I've been working on this for a while and wanted to share it.
The problem is simple. Android source trees are over 100GB. If you want to maintain your own custom build, forking those repos to GitHub is basically impossible without LFS. And even with LFS, it's a mess.
So I built a set of shell tools around what I call "git2". The idea is you keep the upstream repo in .git/ as usual, but your own changes live in a separate .git2/ directory. It's like a thin overlay. A typical upstream project might be 2GB, but your overlay tracking just the files you touched is maybe 50KB.
But git2 alone isn't enough when you're dealing with a full Android build. You also need to wire everything together with Android's repo tool and local_manifests system. That's where the rest of the toolkit comes in.

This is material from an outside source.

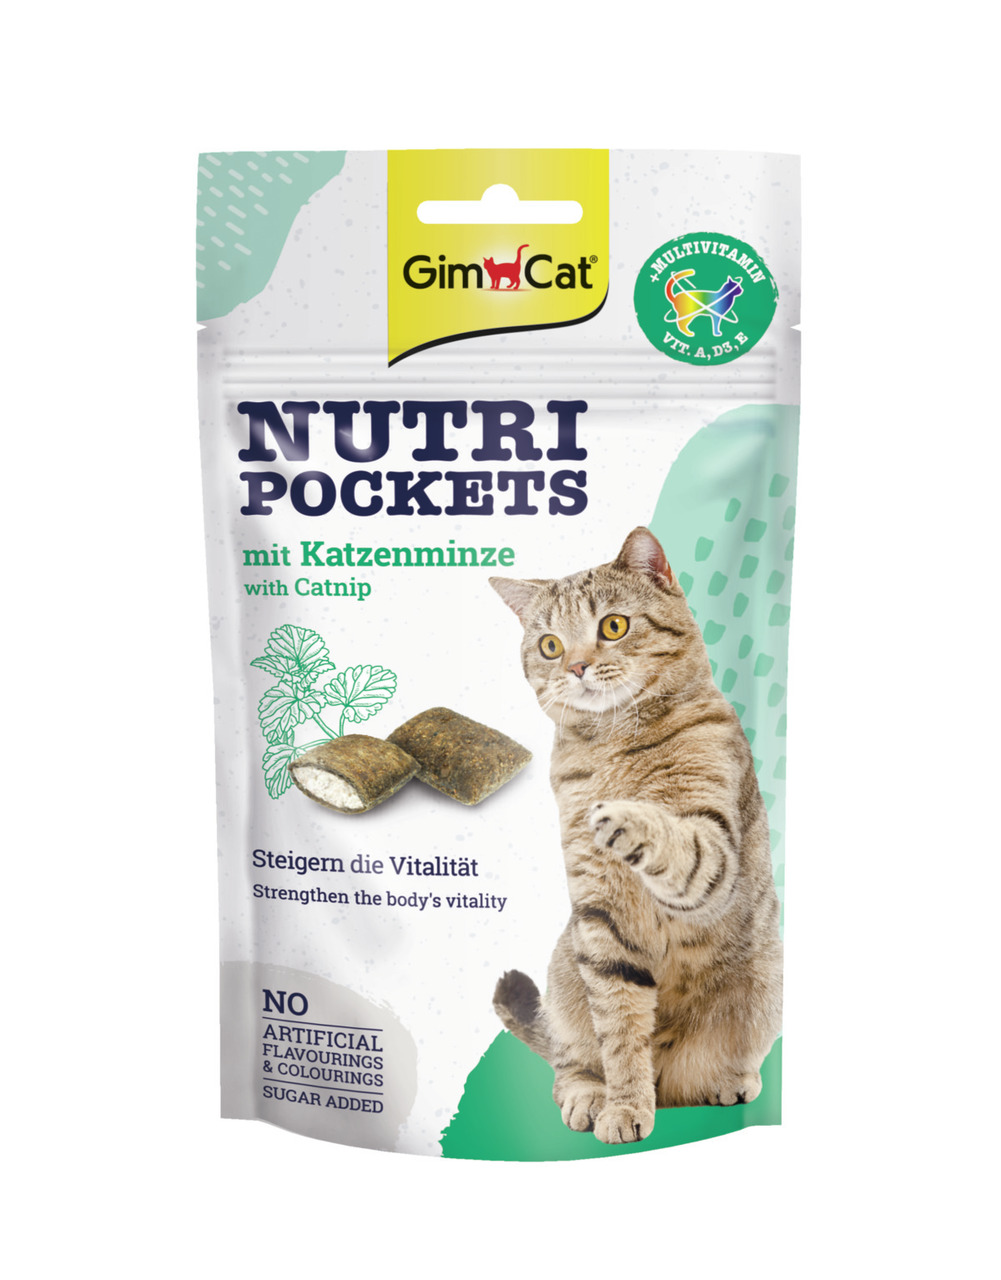 GimCat Nutri Pockets mit Katzenminze & Multivitamin Katzen Snack 60 g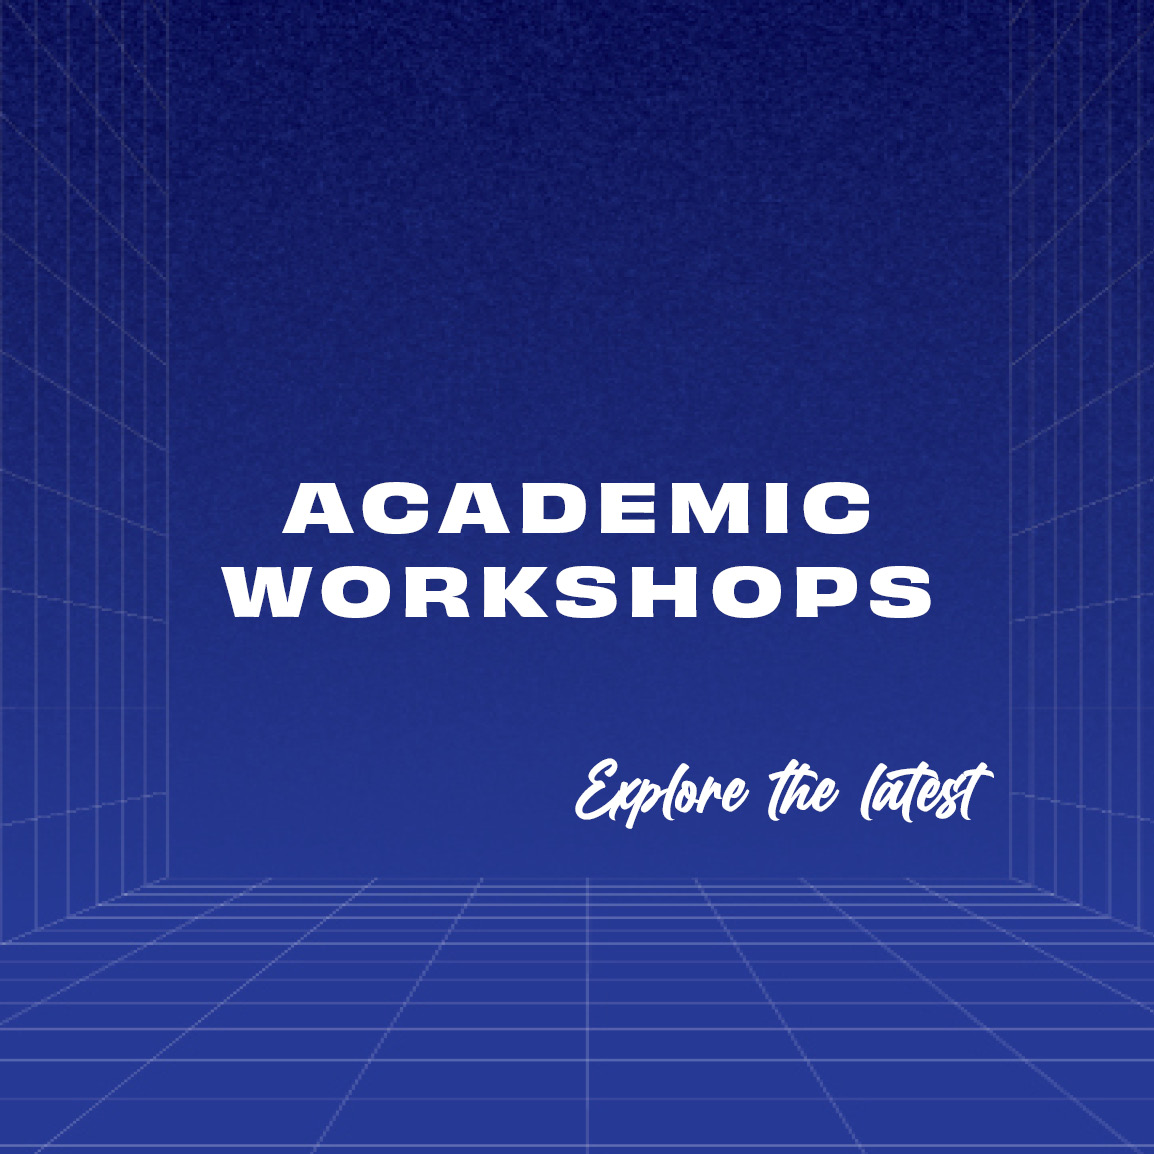 Academic Workshops- Explore the latest

There's a script called make-repo.sh that scans all your git2 overlays, figures out the project names from paths, grabs commit hashes, and spits out a proper default.xml manifest. No hand-editing XML. Another one, git2-all.sh, lets you run push, pull, status, or any git command across every modified project at once. git2-setup.sh finds all projects with a .git2config and initializes them automatically after repo sync. And link-setup.sh handles the symlink mess that Android's build system expects.
On the release side, there are scripts for per-device key generation, signing on tmpfs so keys never touch disk unencrypted, OTA packaging, and a reference update server you can self-host.
The whole thing is demonstrated on GrapheneOS but the approach is generic. Any AOSP-derived project with a massive source tree could use the same overlay and manifest pattern.
Curious what people think. Is the overlay approach better than just maintaining patch files? Anyone doing something similar for large source tree customization?